L'ORARIO DEGLI ATA PASSERA' DA 36 A 35 ORE?
Data: Mercoledý, 30 maggio 2007 ore 00:05:00 CEST
Argomento: Comunicati


da ItaliaOggi
Martedì, 29 Maggio 2007

Il pomo della discordia delle 35 ore
Battaglia tra dirigenti scolastici, revisori dei conti e personale sulla riduzione d'orario per gli Ata.

Contestata la possibilità che possa riguardare tutti i lavoratori

Sulle 35 ore di lavoro settimanali, invece di 36, è battaglia nelle scuole.
L'orario di lavoro del personale ausiliario, tecnico e amministrativo (Ata) può essere ridotto di un'ora, prevede il contratto, a determinate condizioni,però, sull'individuazione delle quali, non tutti sono d'accordo. È esemplare il caso del Veneto, dove è scoppiata una guerra tra sindacati, ufficio scolastico regionale, istituti scolastici e revisori dei conti: a colpi di note, richiami, articoli di contratto, verbali di revisori, minacce di deferimenti alla Corte dei conti, presieduta da Tullio Lazzaro e di sanzioni pecuniarie. Ad accendere la miccia, a una situazione mai sopita, una nota dell'ufficio scolastico regionale del Veneto del 4 maggio scorso, contestata dai tre segretari regionali dei sindacati scuola di Cgil, Cisl e Uil con una lettera del 16 successivo.

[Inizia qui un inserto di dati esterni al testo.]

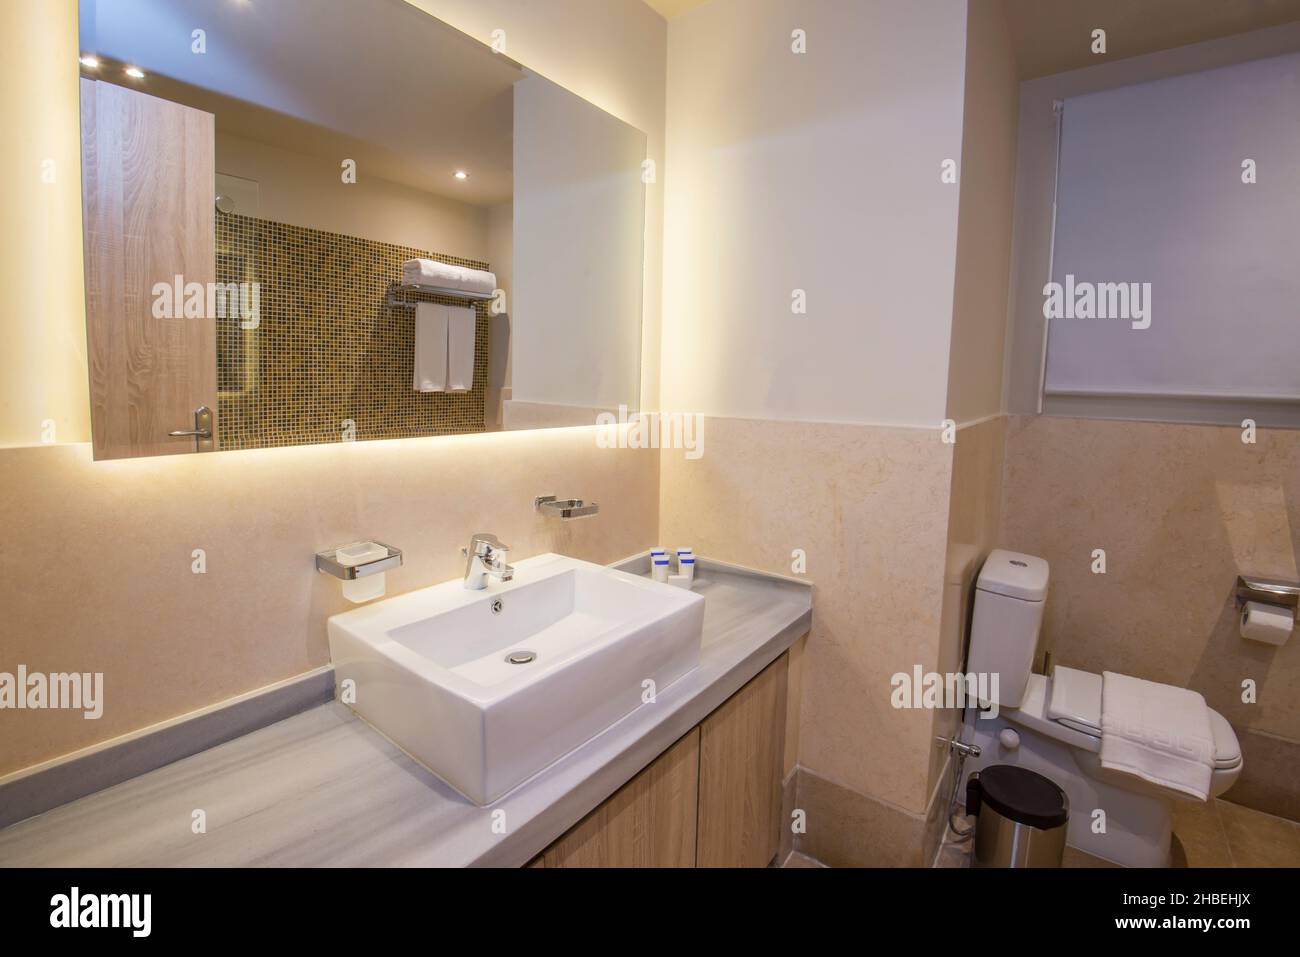 Décoration intérieure d'un luxueux show home salle de bains moderne avec douche toilettes et lavabo Banque D'Images
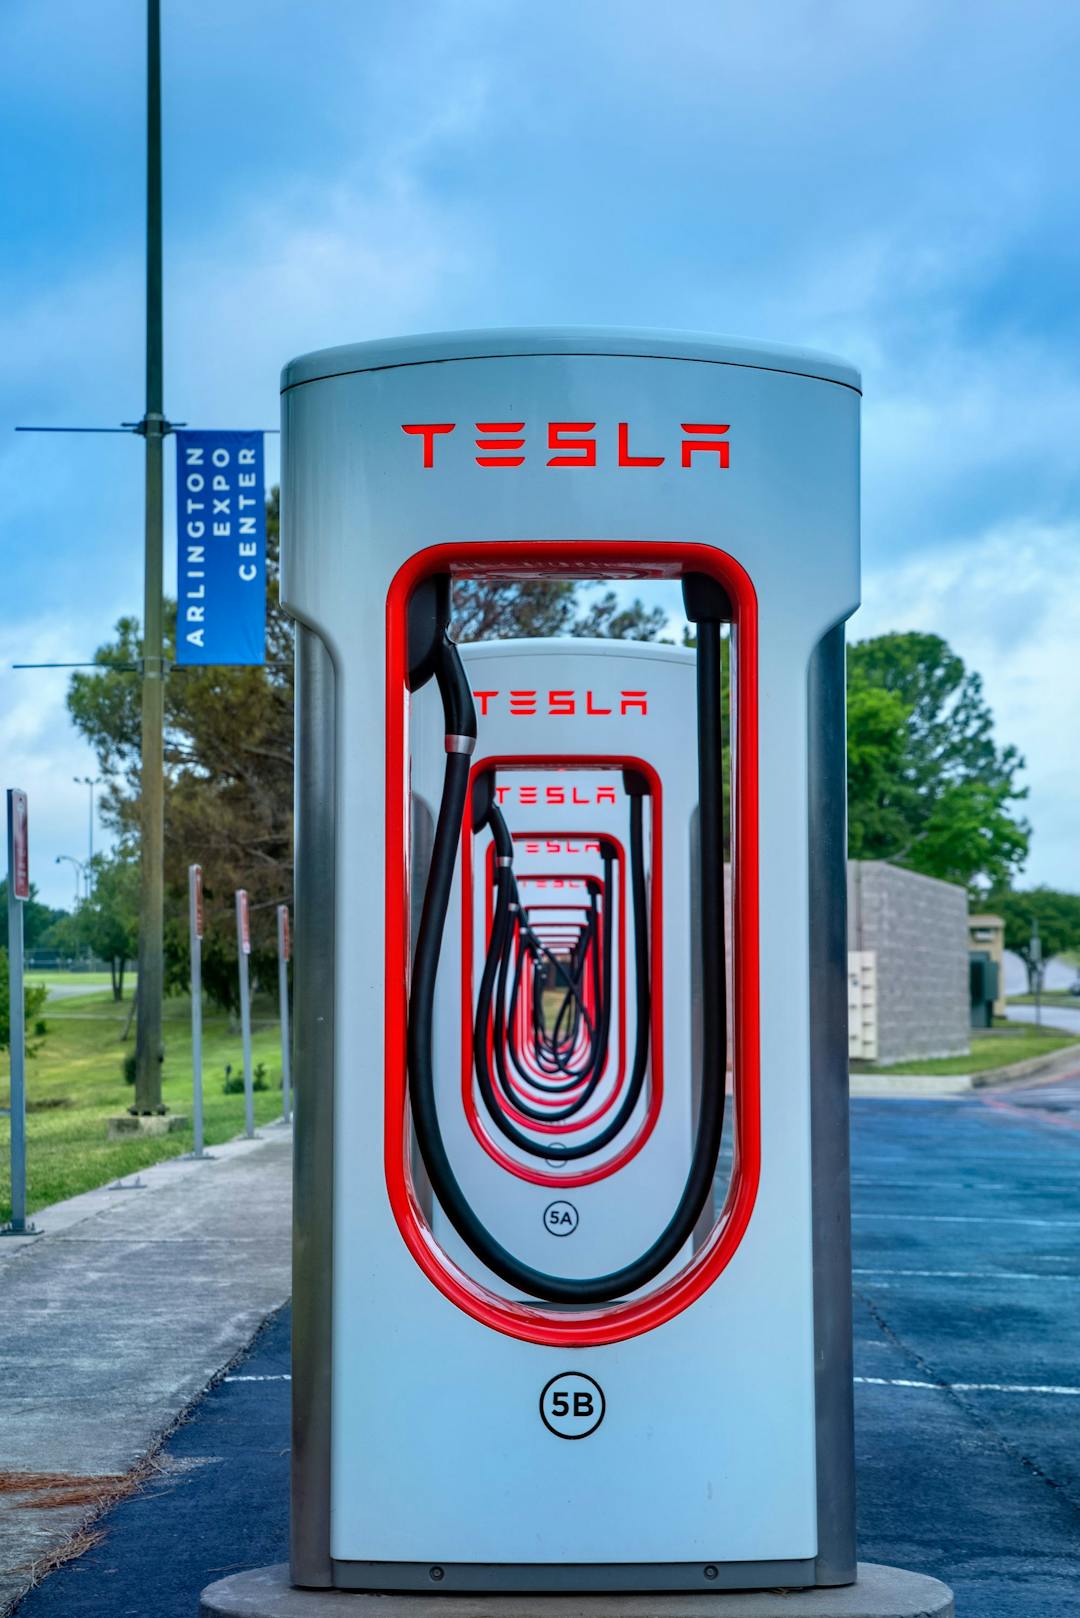 Tesla Supercharger station in U.S.

Chi ha diritto alla riduzione

L'art. 54 del contratto scuola del 23 luglio 2003 prevede che si possa ridurre di un'ora l'orario settimanale di lavoro del personale ´adibito a regimi di orario articolati su più turni o coinvolto in sistemi d'orario comportanti significative oscillazioni degli orari individuali (...), finalizzati all'ampliamento dei servizi all'utenza e/o comprendenti particolari gravosità' nelle istituzioni scolastiche educative, negli Istituti con annesse aziende agrarie, nelle scuole strutturate con orario di servizio giornaliero superiore alle dieci ore per almeno tre giorni alla settimana. Il contratto integrativo di ciascuna istituzione scolastica deve definire ´il numero, la tipologia e quant'altro necessario ad individuare il personale' destinatario della riduzione.

La nota del Veneto

L'Usr Veneto, constatato che dei revisori segnalano la non uniforme applicazione dell'art. 54 del contratto, richiama una nota del ministero dell'economia del 6 giugno 2006, che, preoccupato di indebite generalizzazioni, circoscriverebbe gli ambiti applicativi della norma, e ricorda che spetta ai revisori la vigilanza sulla legittimità, regolarità e correttezza dell'azione amministrativa. L'ufficio scolastico regionale aggiunge, con disinvolta ridondanza, che ´la compatibilità finanziaria della contrattazione d'istituto, ove sussistente, dovrà comunque essere certificata dai revisori'.Il punto che sembra aver irritato i sindacati è proprio questo. Ai revisori spetta la certificazione della compatibilità finanziaria della contrattazione, quando sono in discussione i fondi assegnati a ciascun istituto scolastico, ma la riduzione dell'orario di lavoro del personale Ata non comporta oneri finanziari. E dunque non necessita di alcuna certificazione.Invece, sembrerebbe che siano stati bloccati vari contratti d'istituto, perché ritenuti irregolari dai revisori, ancorché non richiedessero l'impiego di risorse economiche.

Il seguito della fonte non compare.